News In Brief

A team of military investigators was to leave for Kuwait today to look into a training accident in which a Navy jet fighter dropped a bomb that killed five American observers and a New Zealander and injured seven others. It was not immediately clear whether the F/A-18 Hornet had missed the target at the Udairi bombing range near Kuwait's border with Iraq. Navy officials said they would not confirm a report that the plane had been wrongly directed by a ground controller. The New Zealand government demanded an explanation of the incident.

Almost 1 in 3 Americans is a member of a minority group, the Census Bureau reported, illustrating how a massive immigration surge in the 1990s has created the most diverse population in modern history. The number of Asians jumped to between 10.6 million and 12.8 million, a rise from 7.3 million a decade ago, the bureau said. The Hispanic population grew by about 58 percent to 35.3 million. The number of blacks increased by as much as 21 percent, to 35.4 million. The 2000 census also showed that about 2.4 percent of Americans, almost half under age 18, belonged to more than one race.

The Justice Department has created a task force to investigate all last-minute clemencies granted by ex-President Clinton, officials said. The decision, seen as unprecedented in scope, empowers US Attorney Mary Jo White of New York to broaden her review of three controversial cases to encompass all of Clinton's 177 pardons, especially the commutation of convicted Los Angeles drug dealer Carlos Vignali's 15-year prison sentence. In the Vignali case, local leaders supported his early release, and Clinton brother-in-law Hugh Rodham allegedly was paid $200,000 to help obtain it.
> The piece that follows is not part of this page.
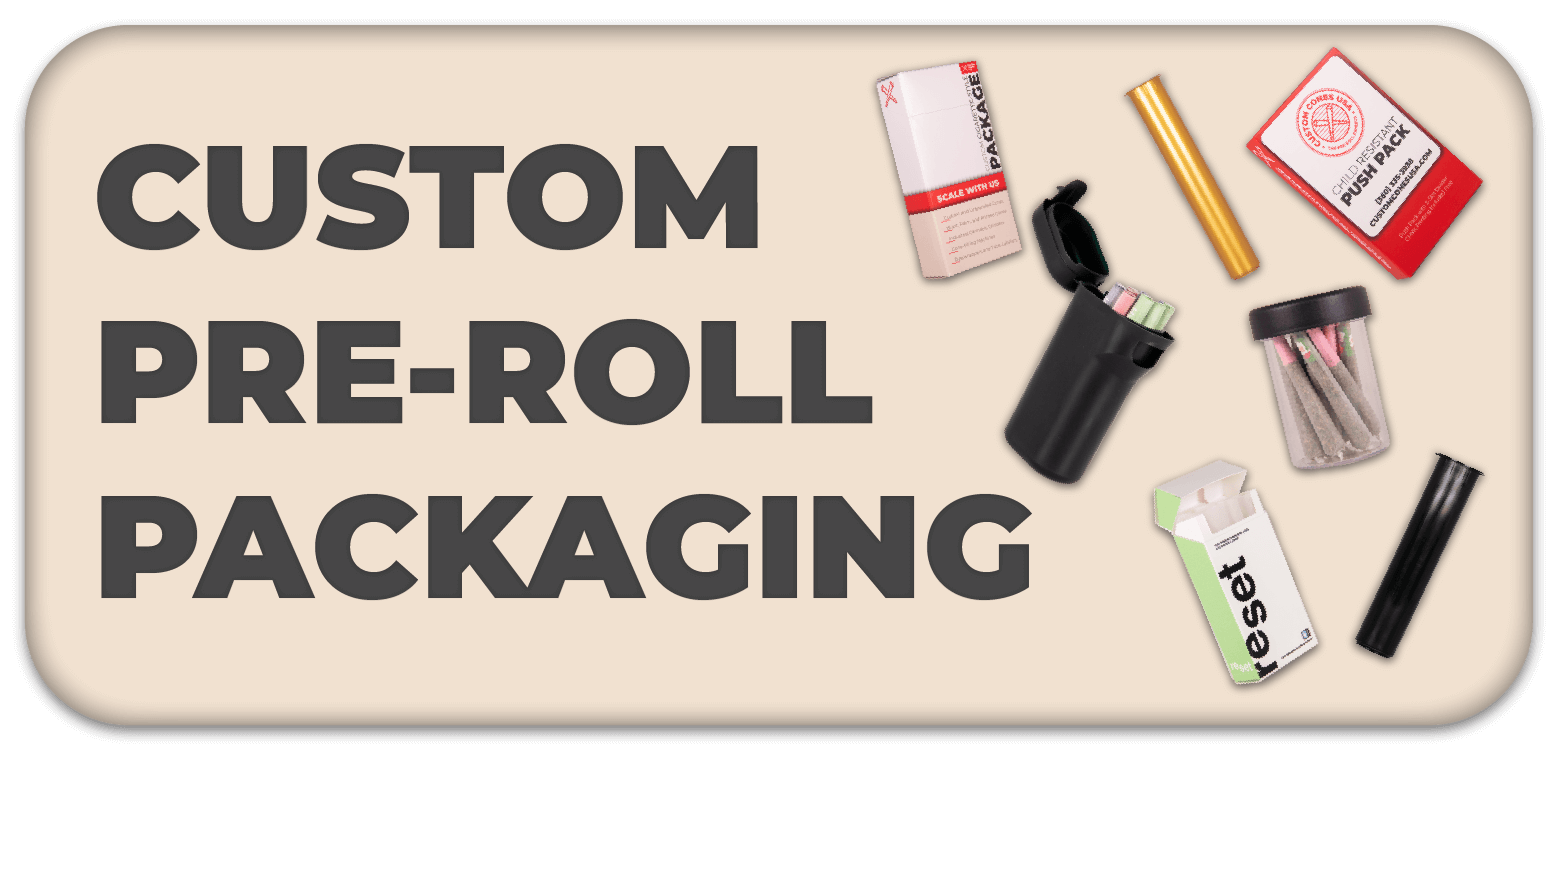 Custom Pre-Roll Packaging Button

Retail sales fell 0.2 percent in February, the first drop in three months, the Commerce Department reported. The decline was led by furniture and home furnishing stores and restaurants. The news followed Wall Street's worst day this year, with the Nasdaq falling below 2000 for the first time in 27 months and the Dow Jones Industrial Average slipping a further 400 points to 10208. Consumer spending accounts for two-thirds of all economic activity.

The union for Northwest Airlines mechanics rejected an unofficial company offer for a 26 percent initial wage hike and a 112 percent pension increase, a spokesman said. Northwest also increased its retroactive pay proposal from $41 million for the 9,500 mechanics, cleaners, and custodians to $88 million. Union members had been prepared to strike earlier this week, but President Bush imposed measures such as an emergency board that push any strike back to mid-May.

The number of airline passengers in the US is expected to exceed 1 billion a year over the next decade, further stressing a system beleaguered by record flight delays, a new Federal Aviation Administration report said. It predicted the number of domestic and foreign takeoffs and landings by US carriers would rise by 39 percent between now and 2012 - to 36 million. Those planes will be carrying 63 percent more passengers than they do today, with the yearly number reaching 1.2 billion in 2012.